Diet plays an important role in the management of diabetes. It is important to eat a balanced diet that includes a variety of fruits, vegetables, whole grains, lean proteins and healthy fats. Limiting sugary foods and drinks, refined carbohydrates, saturated and trans fats is also important. It is best to work with a registered dietitian or diabetes educator to develop a personalized meal plan.

Yes, exercise is an important part of managing diabetes. Regular exercise improves insulin sensitivity, reduces blood sugar levels, promotes weight loss, and reduces the risk of diabetes Take at least , do 150 minutes of moderate intensity exercise each week, and strength training exercises.

Yes, exercise is an important part of managing diabetes. Regular exercise improves insulin sensitivity, reduces blood sugar levels, promotes weight loss, and reduces the risk of diabetes Take at least , do 150 minutes of moderate intensity exercise each week, and strength training exercises.

While there are various alternative treatments and supplements marketed for diabetes management, it is important to consult with a healthcare professional before trying any new treatment or supplement. Some supplements may interact with medications or have unpredictable effects on blood sugar levels. It is best to rely on evidence-based medical advice and follow a comprehensive treatment plan.


Yes, Ayurveda can play a significant role in managing diabetes. It focuses on holistic healing and balancing the body, mind, and spirit. Ayurvedic treatments, lifestyle modifications, and herbal remedies can help control blood sugar levels, improve insulin sensitivity, and reduce the risk of complications associated with diabetes.

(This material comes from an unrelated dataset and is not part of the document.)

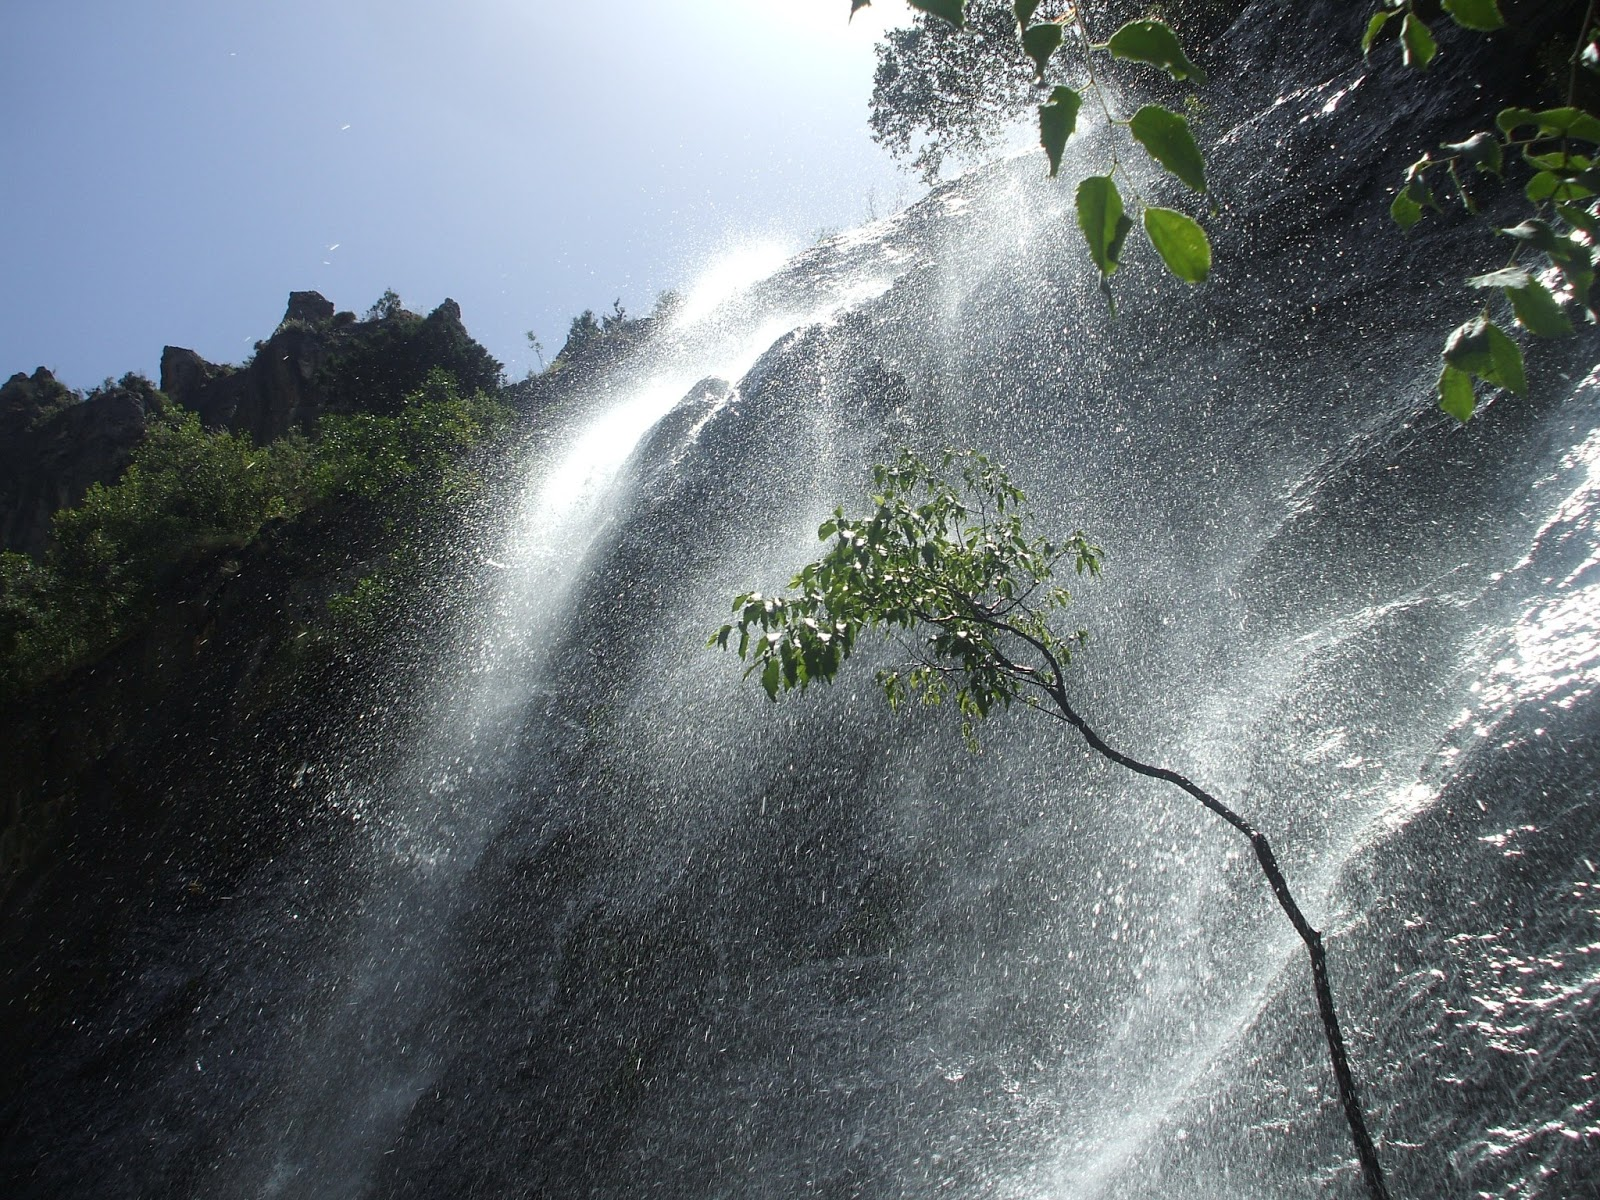 Waterfall in Los Cahorros, Monachil, Granada

Ayurveda emphasizes the balance of doshas (vata, pitta, and kapha) to maintain overall health. For diabetes management, the focus is on balancing the dosha related to digestion and metabolism, known as “agni.” Ayurvedic principles also emphasize dietary modifications, stress reduction techniques, regular exercise, and herbal remedies to manage diabetes effectively.

Yes, Ayurveda provides specific dietary recommendations for diabetes management. It emphasizes whole foods that are easy to digest, such as whole grains, fresh vegetables, lean proteins, and healthy fats. It also suggests avoiding processed foods, sugary and sweetened beverages, and foods with high glycemic index. Ayurveda may also recommend specific herbs and spices to include in the diet, such as turmeric, fenugreek, and bitter gourd.

Yes, Ayurveda utilizes various herbs and herbal formulations to support diabetes management. Some commonly used herbs include bitter melon (karela), Indian gooseberry (amla), gymnema (gurmar), holy basil (tulsi), fenugreek (methi), and cinnamon. These herbs are believed to have properties that can help regulate blood sugar levels, improve insulin sensitivity, and support overall metabolic health.


Panchakarma is an Ayurvedic detoxifying rejuvenation treatment that includes various cleansing methods. While Panchakarma is not a direct cure for diabetes, it can be useful as a supplementary treatment. By eliminating toxins, reducing stress, and improving overall well-being, Panchakarma therapies can help manage diabetes effectively

Ayurveda can complement, but not completely replace, traditional treatments for diabetes. It is important to consult with a qualified Ayurvedic practitioner and work together with your health care provider to develop a comprehensive treatment plan. Ayurveda can help improve the effectiveness of traditional treatments and support overall well-being.

Ayurveda can be useful in managing both type 1 and type 2 diabetes. However, individual results may vary, and the effectiveness of Ayurvedic treatments may depend on various factors such as the severity of the condition, overall health, adherence to Ayurvedic principles etc.. You are Discuss with an Ayurvedic practitioner who can make appropriate recommendations based on your specific needs .

When performed properly and under the guidance of a qualified practitioner, Ayurvedic treatments are generally considered safe. However, individual feelings and allergies may vary. It is important to disclose your medical history and any ongoing treatments to your Ayurvedic practitioner to ensure safe and effective management of diabetes.